= WORK TO COMPLETE =
The response should consist of the data below, copied exactly, with no pictures in it.

= THE DATA =
********
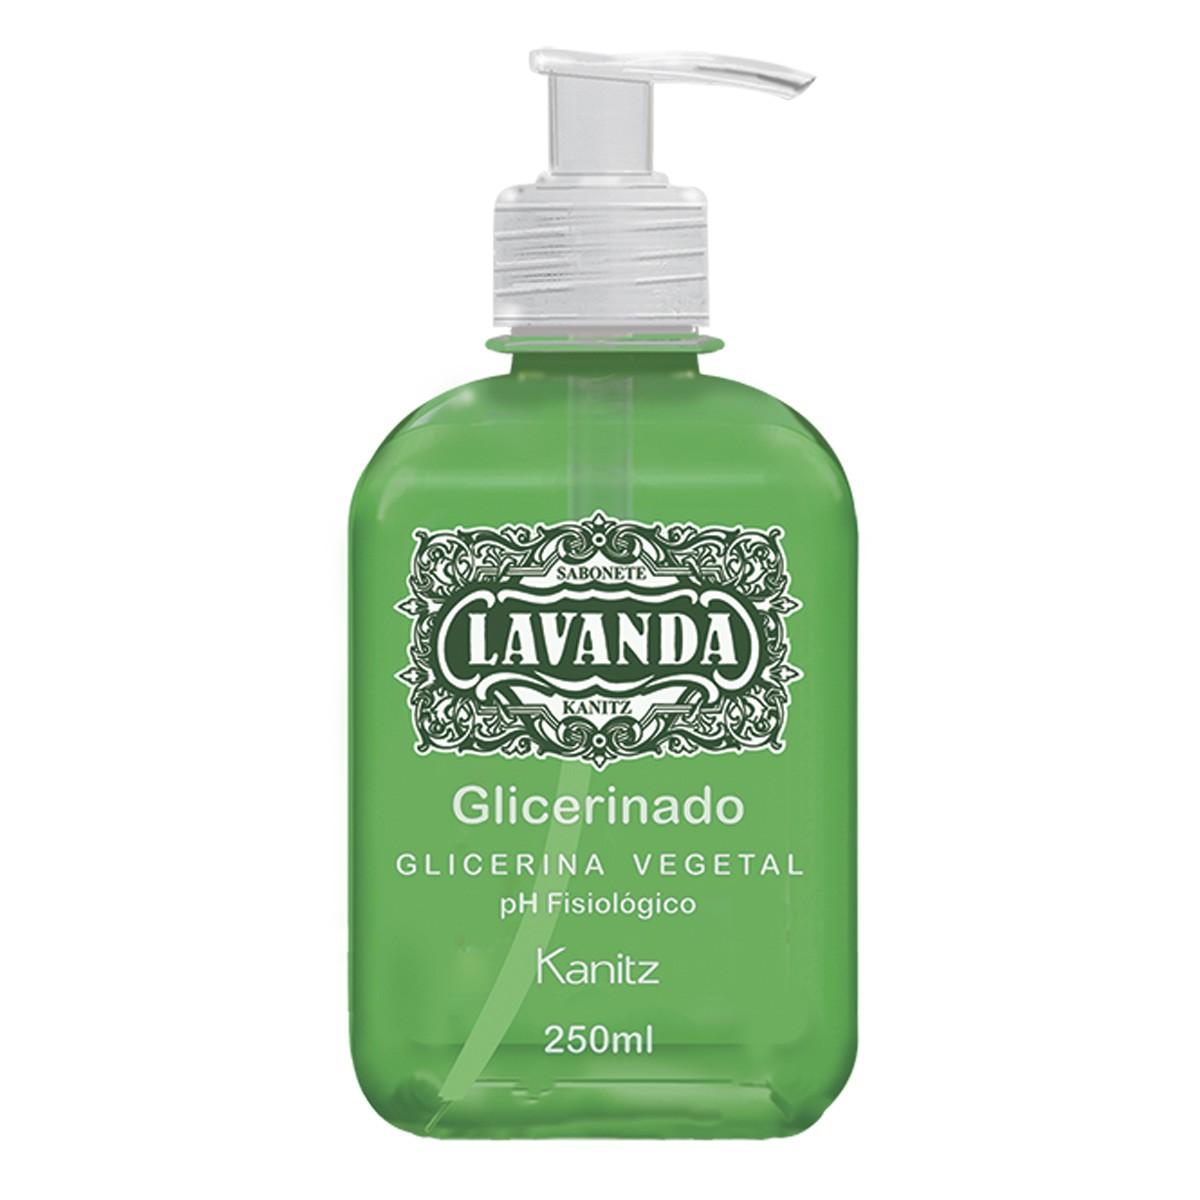 Sabonete Glicerinado Lavanda Kanitz  250 ml
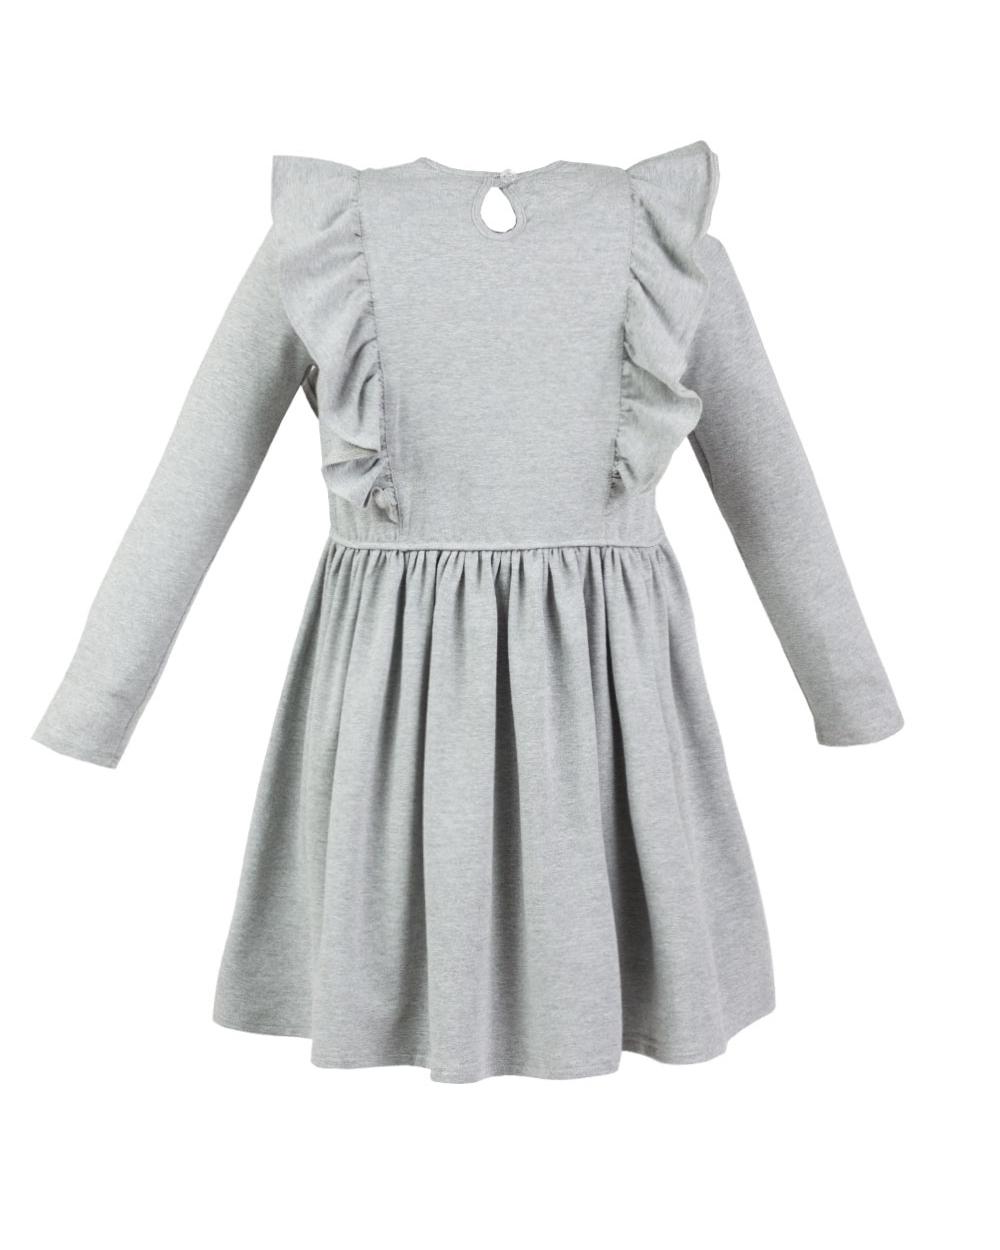 b4174da9c2a1e4 Sukienka z długim rękawem ozdobiona koronką falbanami dla dziewczynki tył
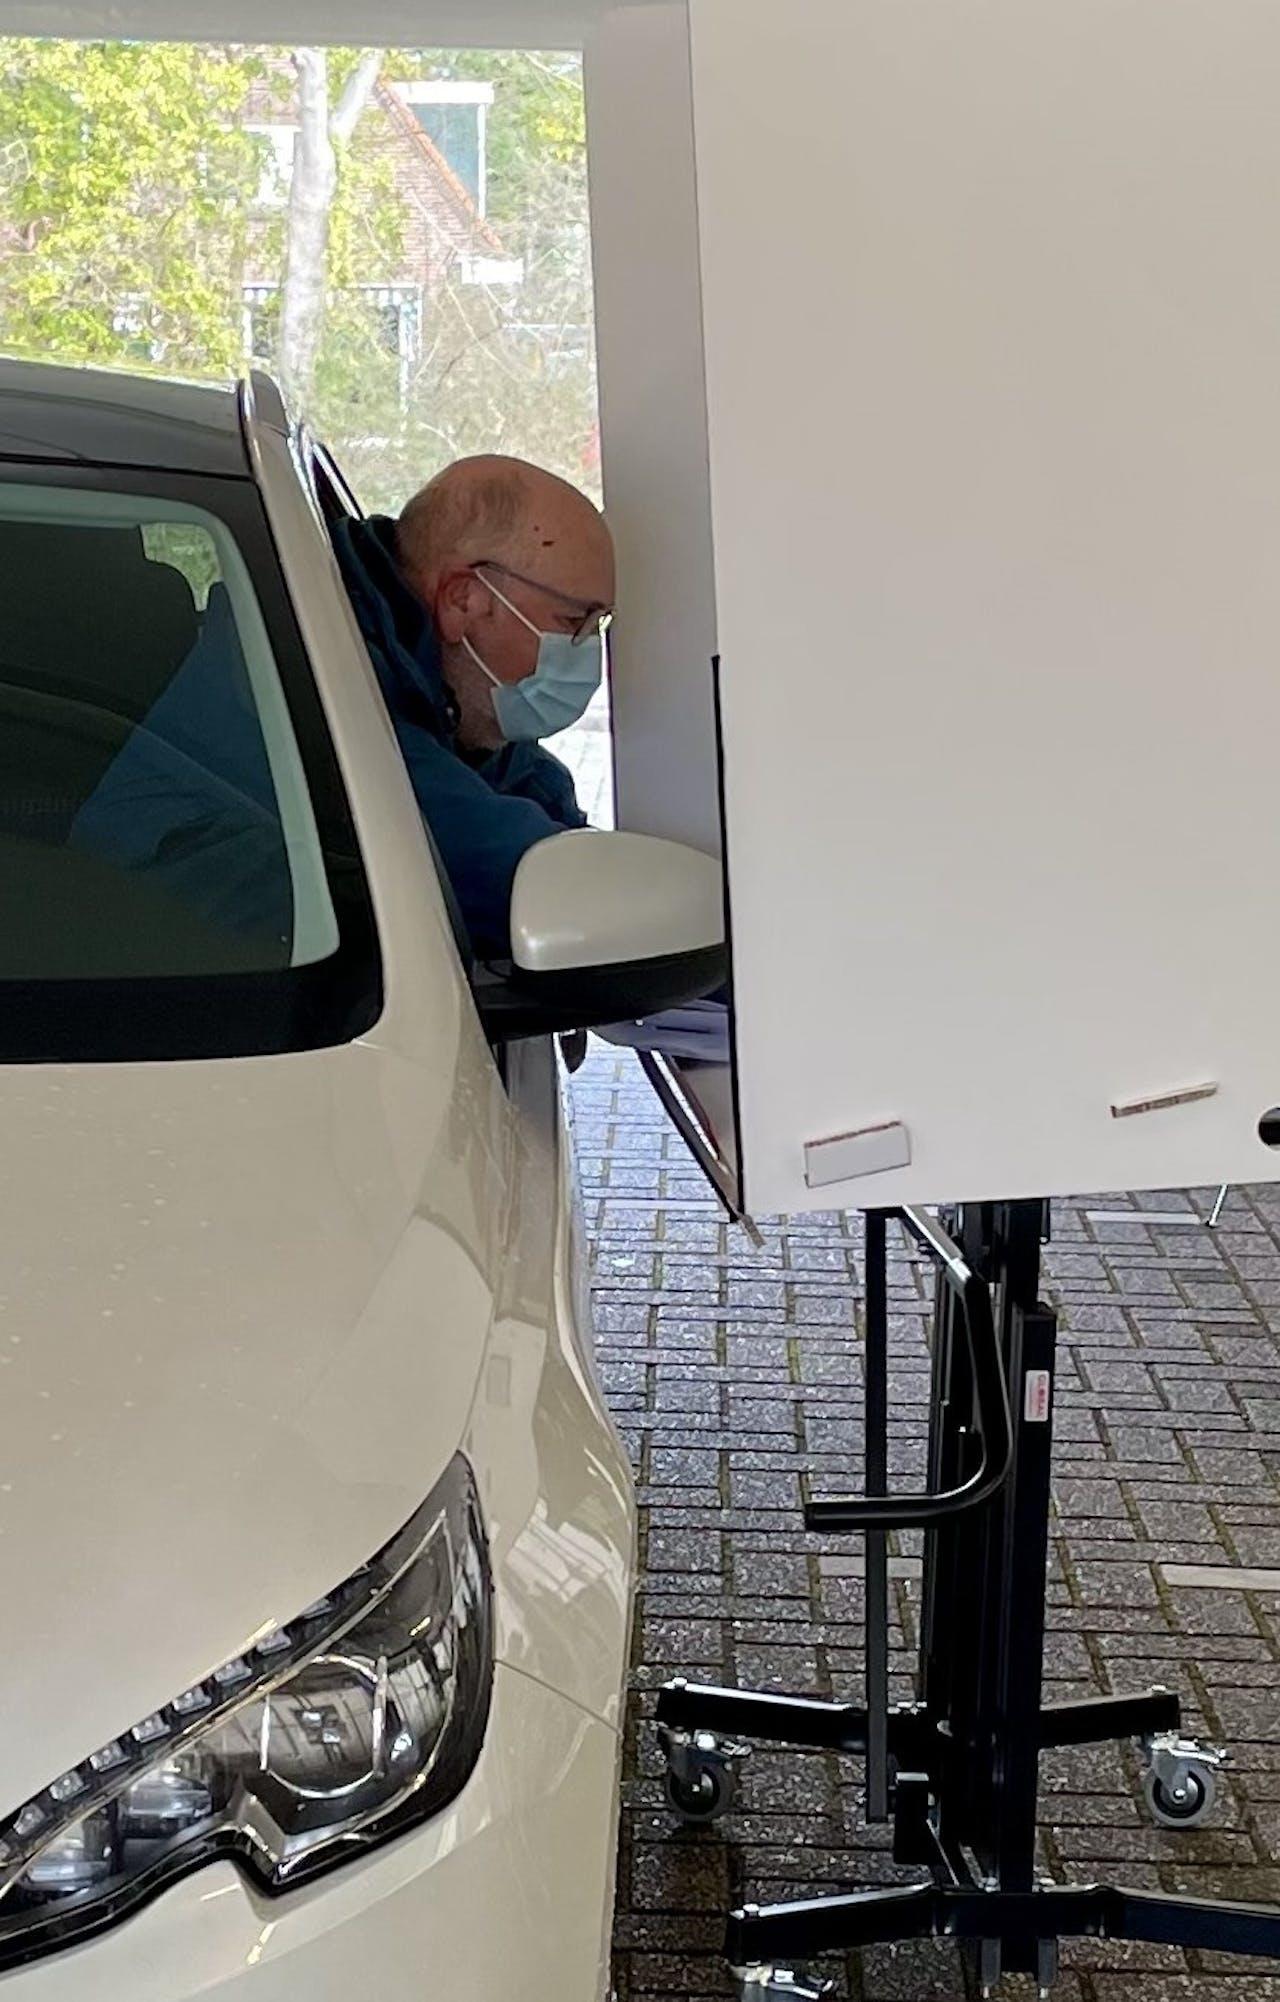 Drive-thru-stembureau Spijkenisse
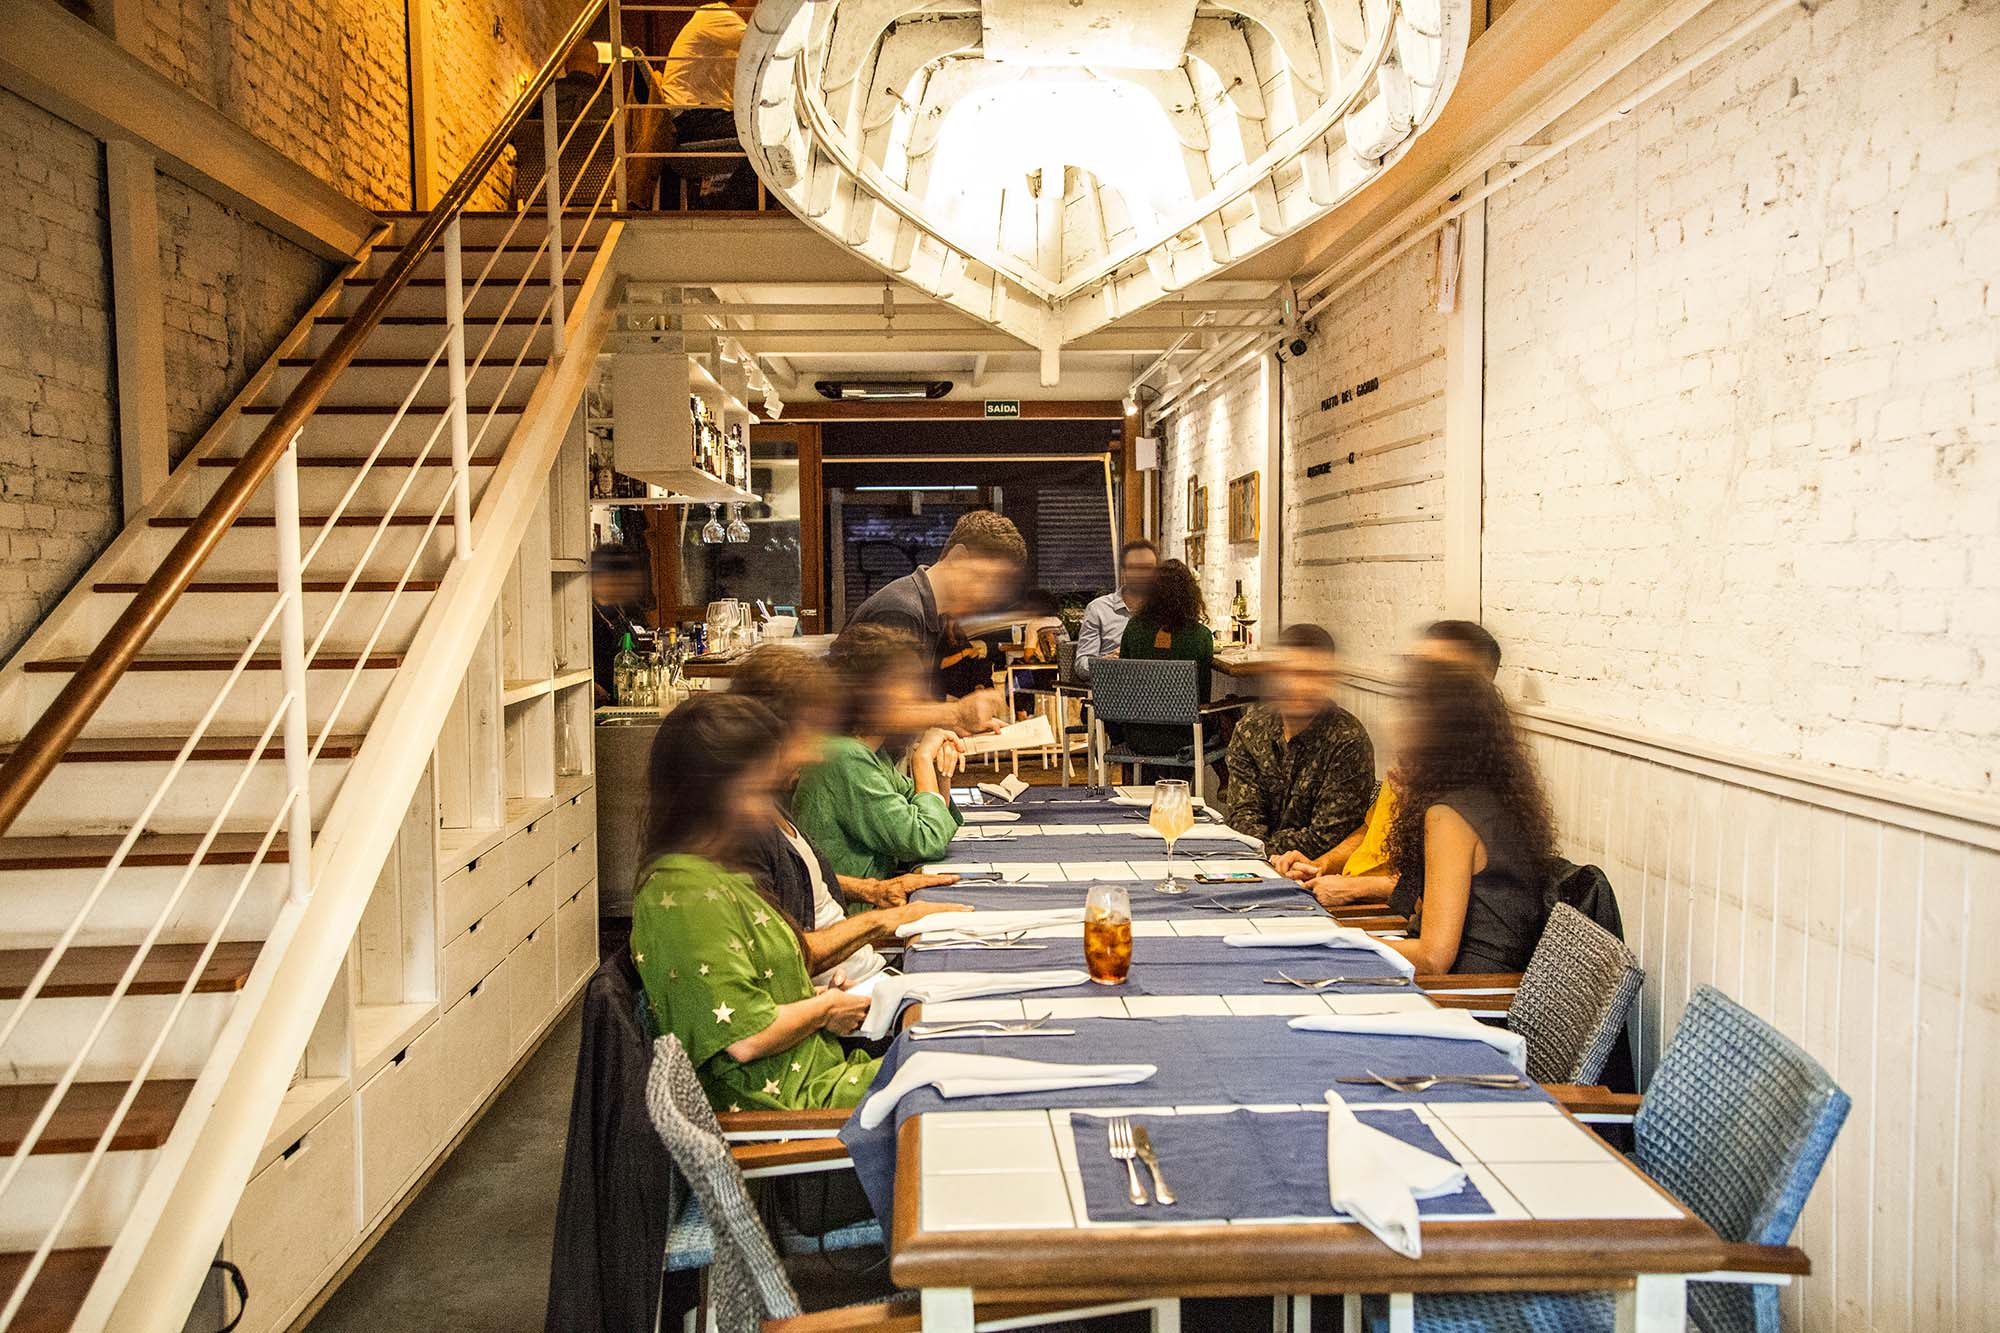 Parte térrea do salão do restaurante Lido Amici di Amici com pessoas sentadas em uma mesa coletiva
********
= RESPONSE AREA =
 Sabonete Glicerinado Lavanda Kanitz  250 ml
 b4174da9c2a1e4 Sukienka z długim rękawem ozdobiona koronką falbanami dla dziewczynki tył
 Drive-thru-stembureau Spijkenisse
 Parte térrea do salão do restaurante Lido Amici di Amici com pessoas sentadas em uma mesa coletiva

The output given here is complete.